New construction spurs the need for more real estate agents, mortgage companies and insurance firms, and those professions accounted for another 20 percent of the region's economic boost last year.
But the biggest growth sector in the Charleston region in 2016 was professional and business services — a wide-ranging catch-all of job categories that includes lawyers, accountants, engineers, architects and others. That segment accounted for better than 30 percent of this area's growth last year.
"Charleston has the whole package when it comes to broad-based economic growth," said Joey Von Nessen, an economist at the University of South Carolina. "Manufacturing is still leading the way, but Charleston also has a very strong construction market."

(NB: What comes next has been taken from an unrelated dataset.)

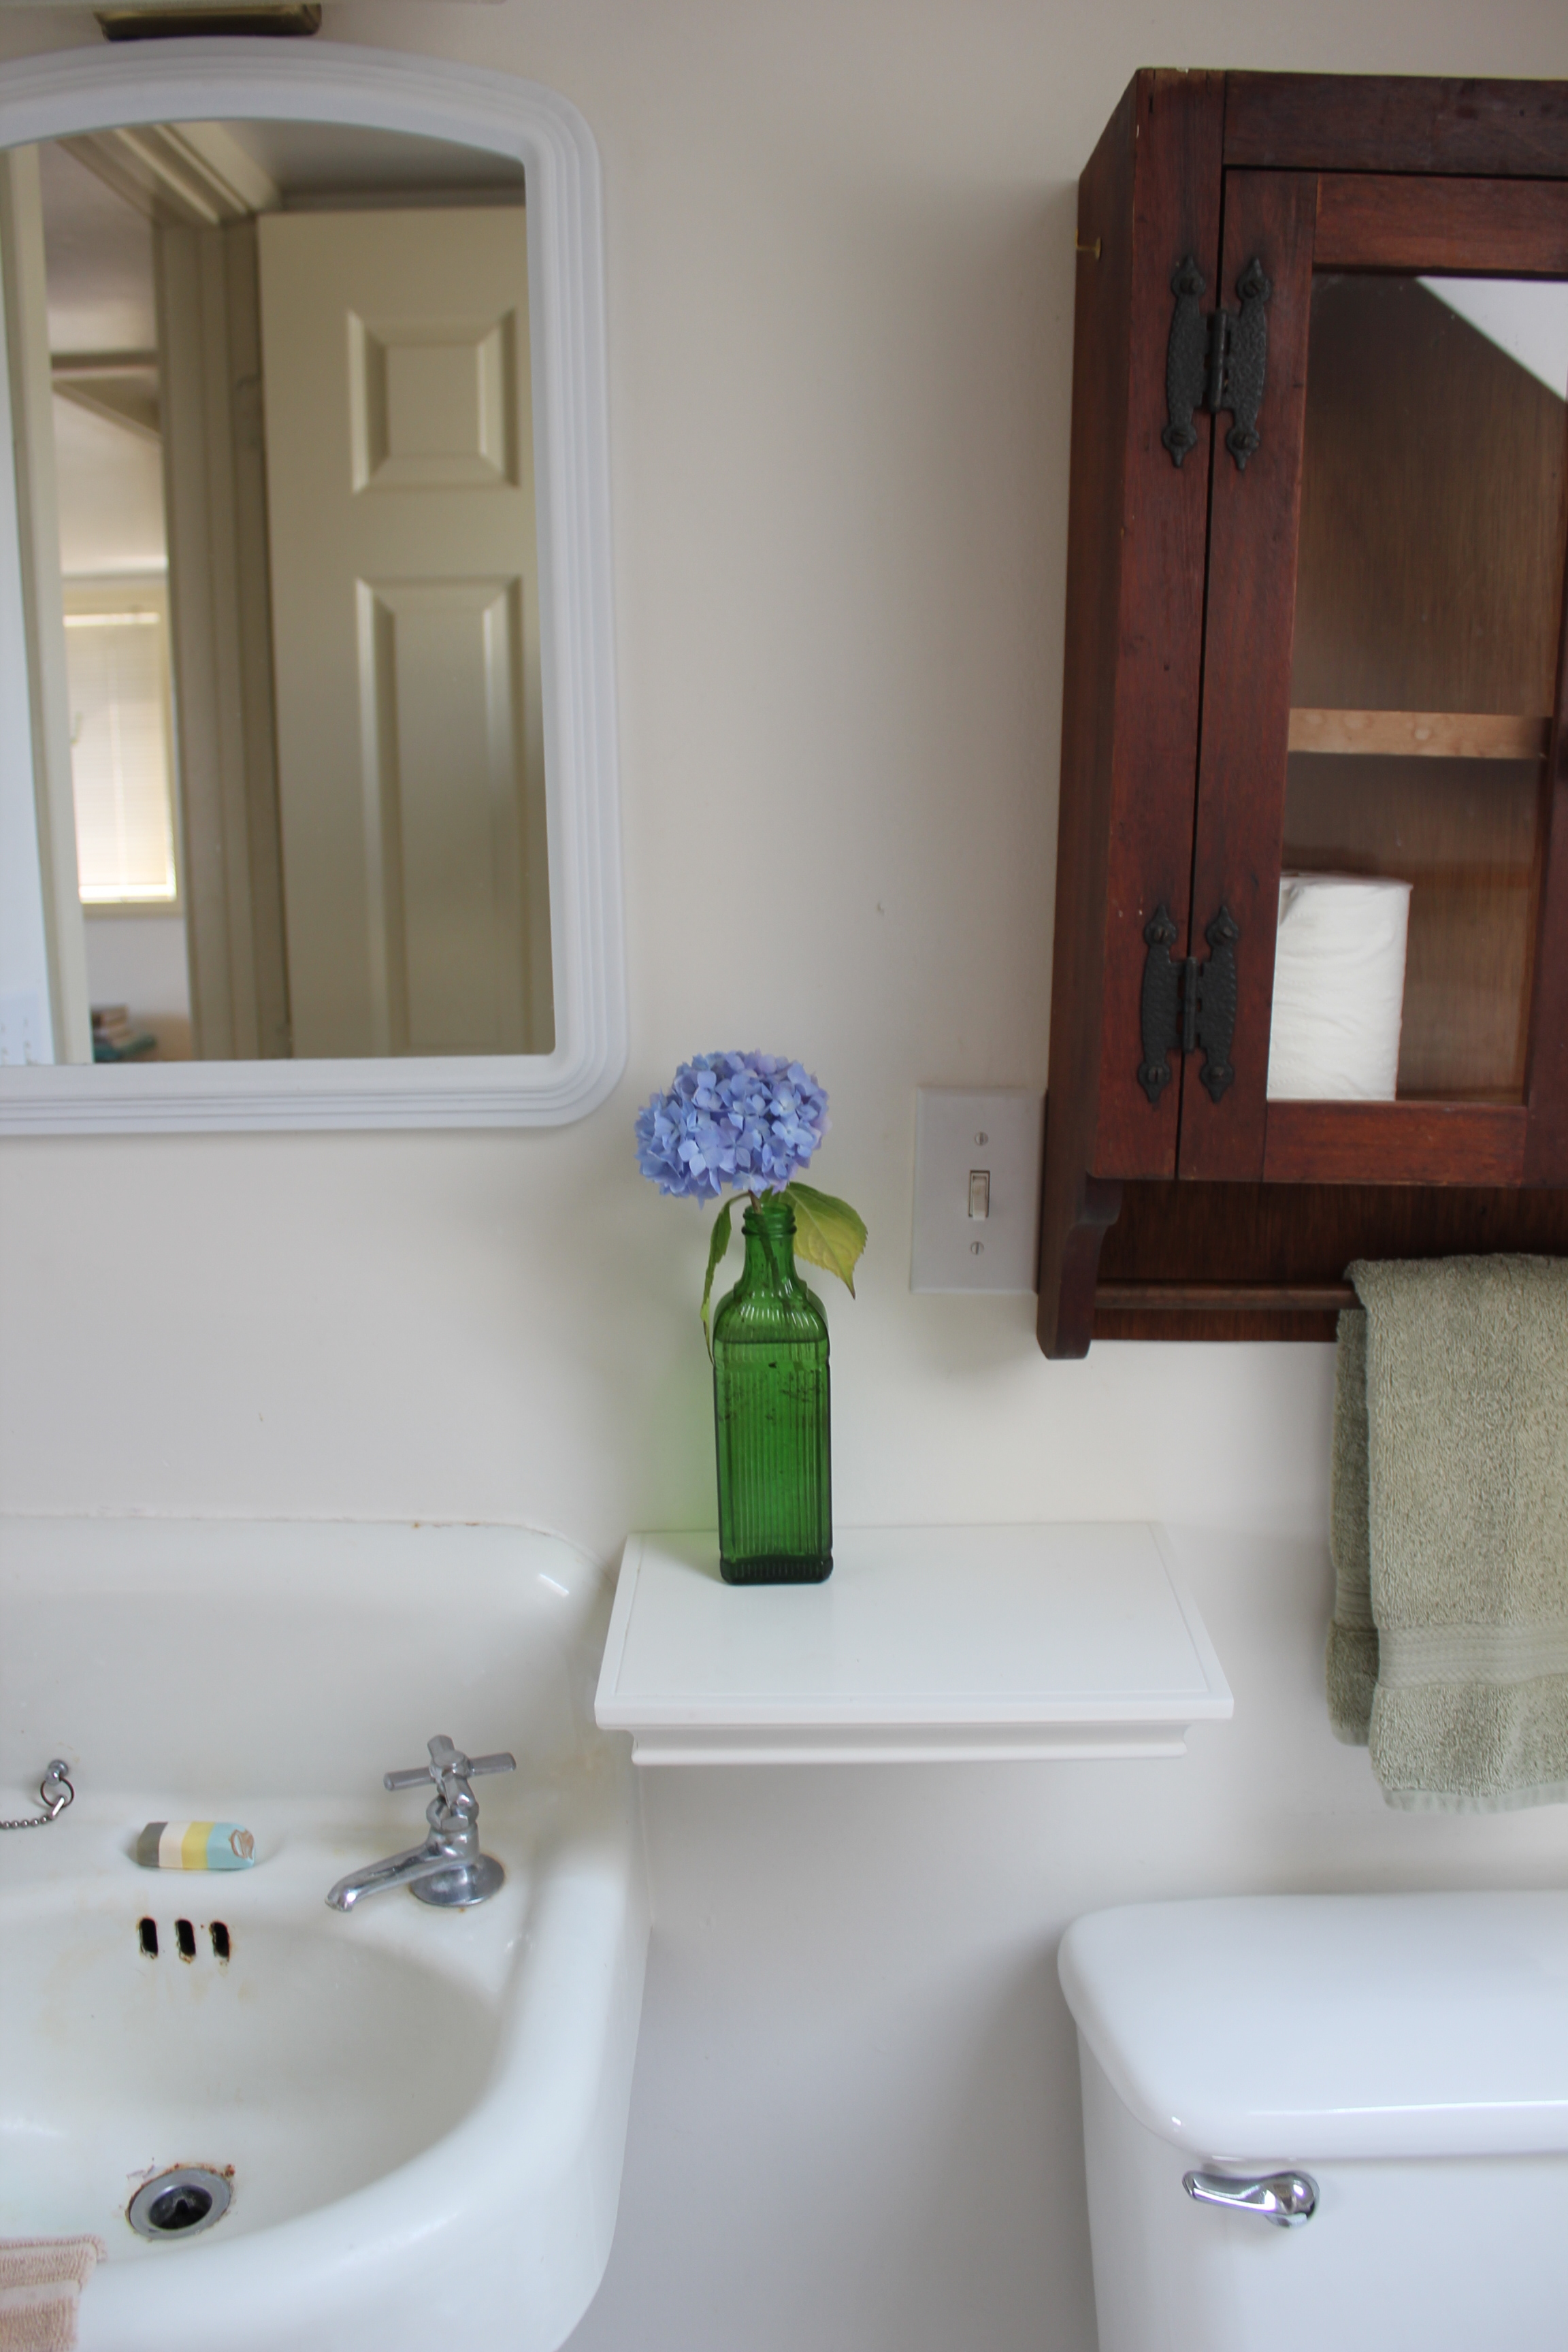 bathroom hydranga and vintage vase at plum nelli farm chic home rental.JPG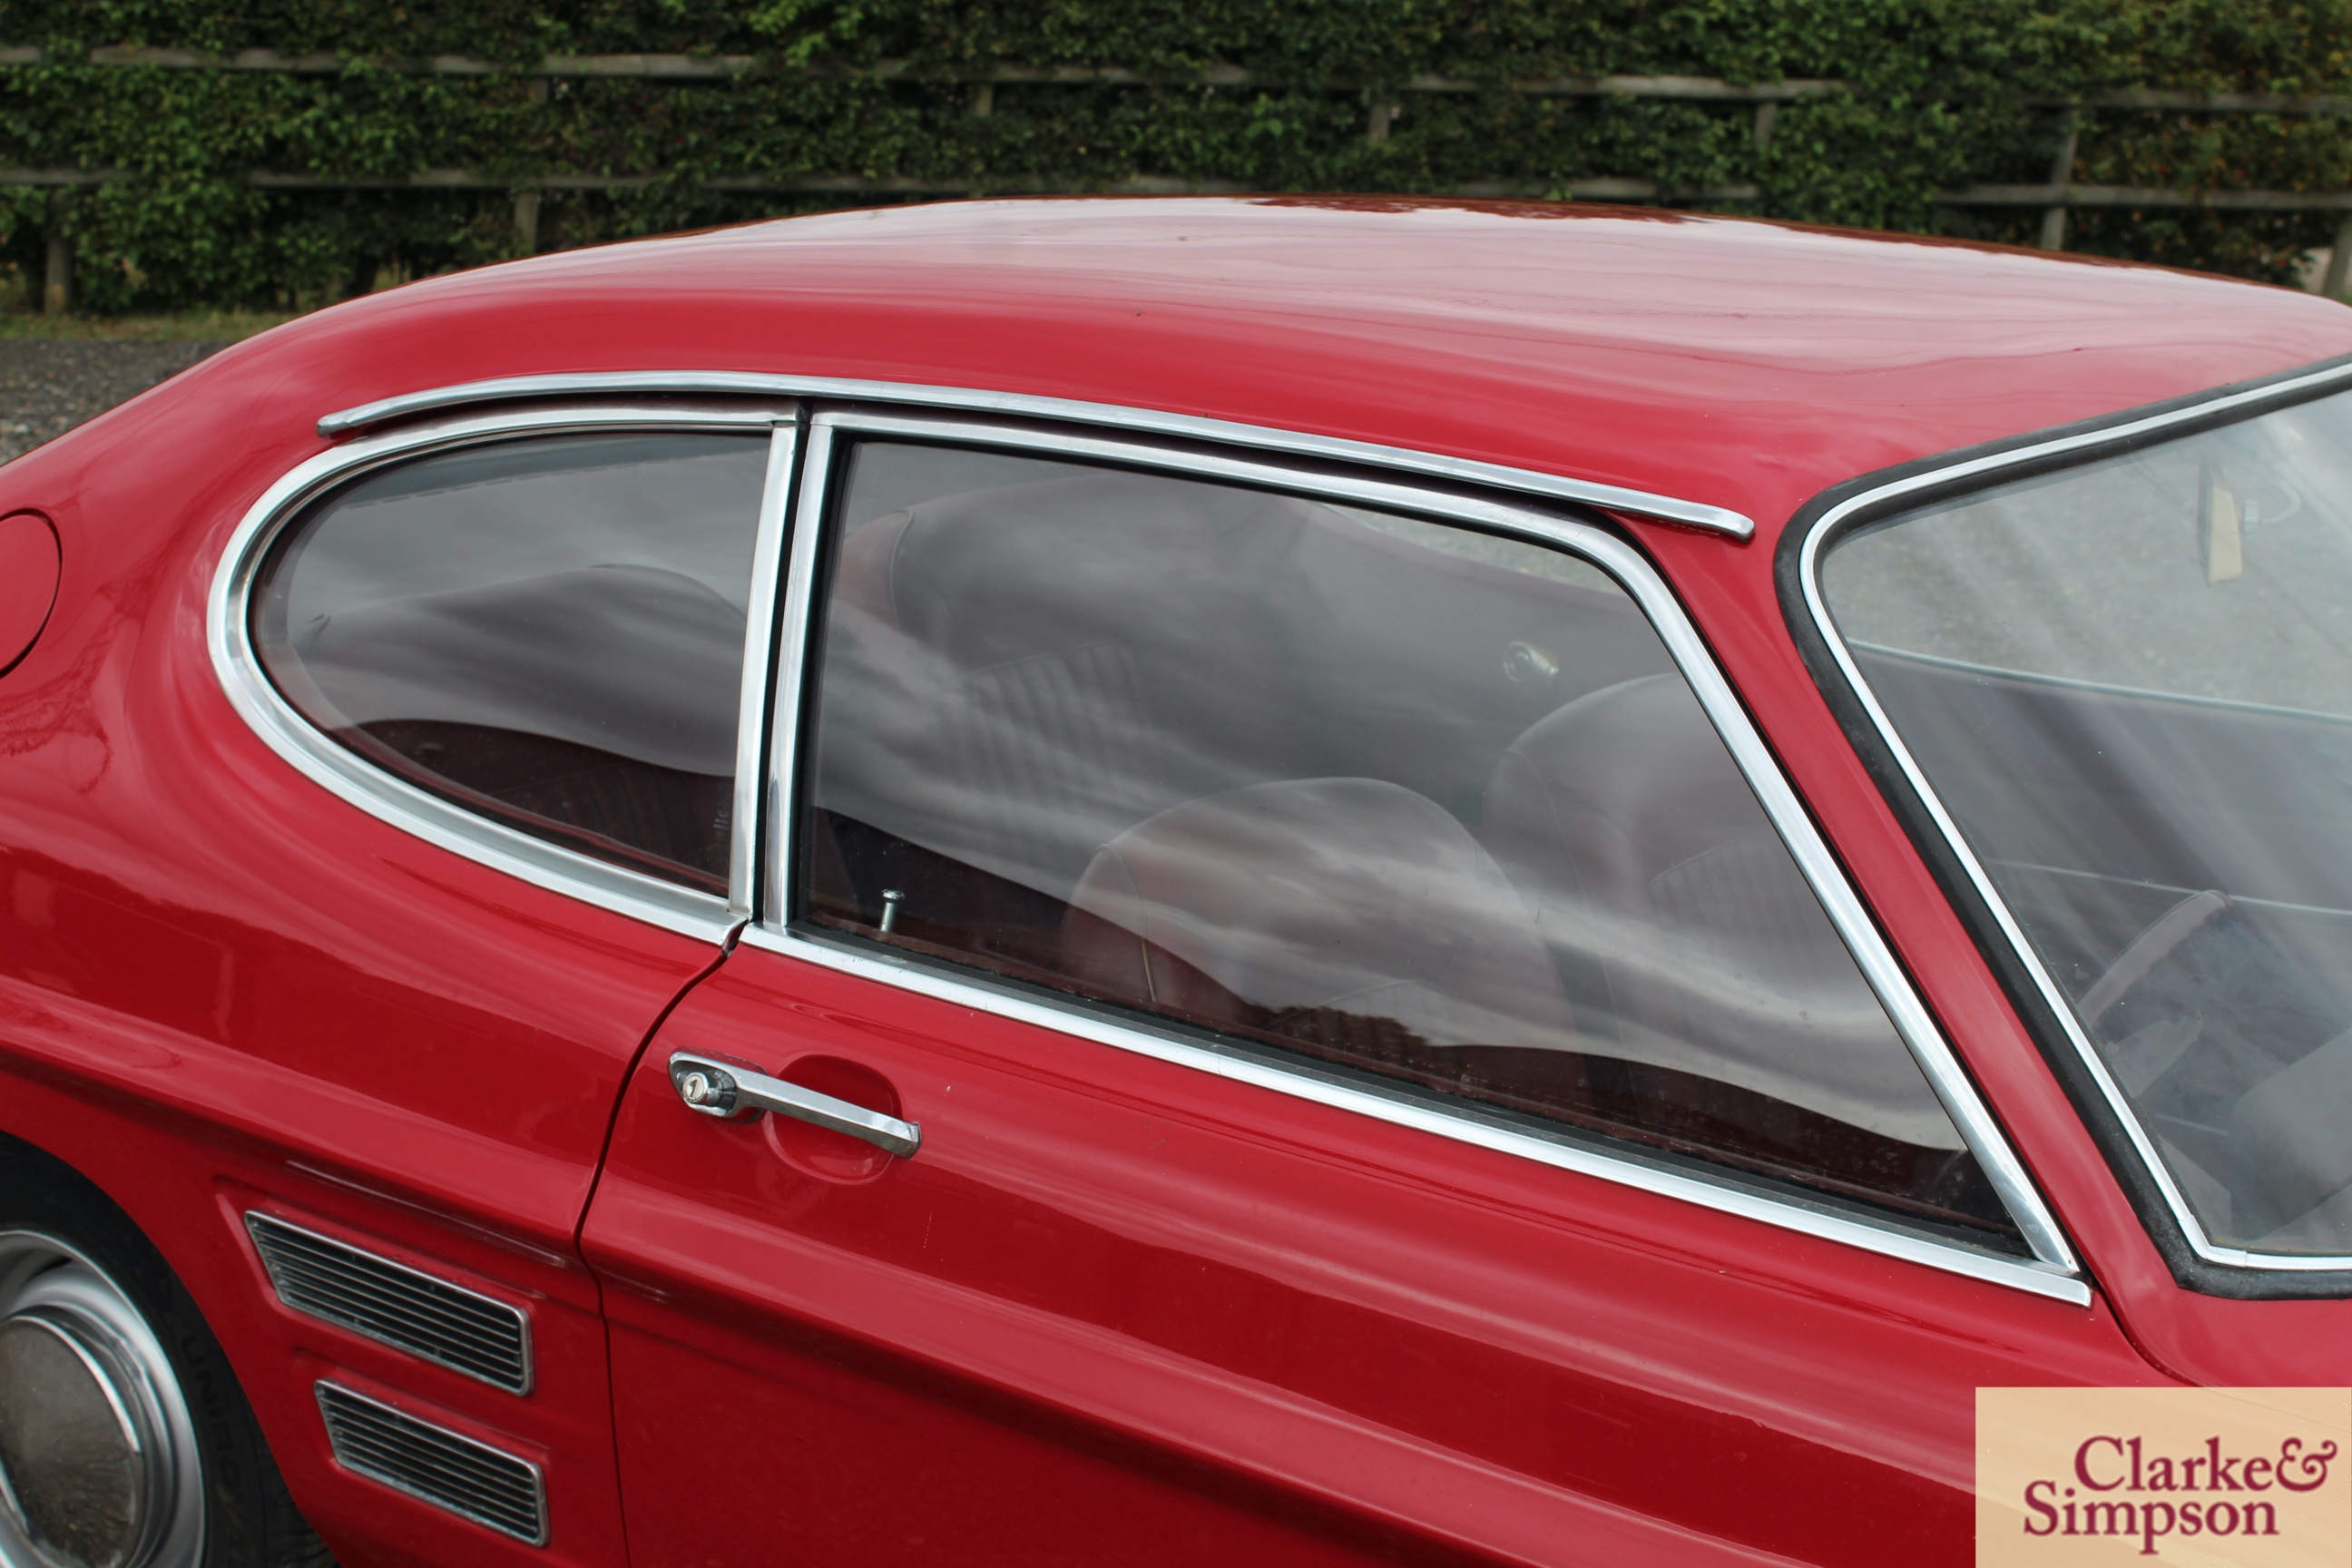 Ford Capri MK1 1300. Registration XBJ 188G. Date o - Image 14 of 65

Von Nessen said disposable income and consumer spending are rising at a time when gas prices are still relatively cheap and that has led to growth in the Charleston area's tourism businesses. Higher wages and more jobs also are leading to an emerging demand in the second-home market, helping to fuel residential real estate sales.
"We see construction everywhere in Charleston," he said. "The demand is there both for the residential and the commercial side."
Six of South Carolina's eight metro areas saw growth last year, with economies in the Florence and Sumter areas the only ones to contract.
Nationwide, total GDP grew in 267 of the nation's 382 metro areas in 2016
The New York metro area had the biggest economy in the U.S. at about $1.4 trillion, followed by Los Angeles, at $885 billion.
Although small by comparison, the economies in Bend, Ore., and Lake Charles, La., were the nation's fastest-growing with 8.1 percent jumps.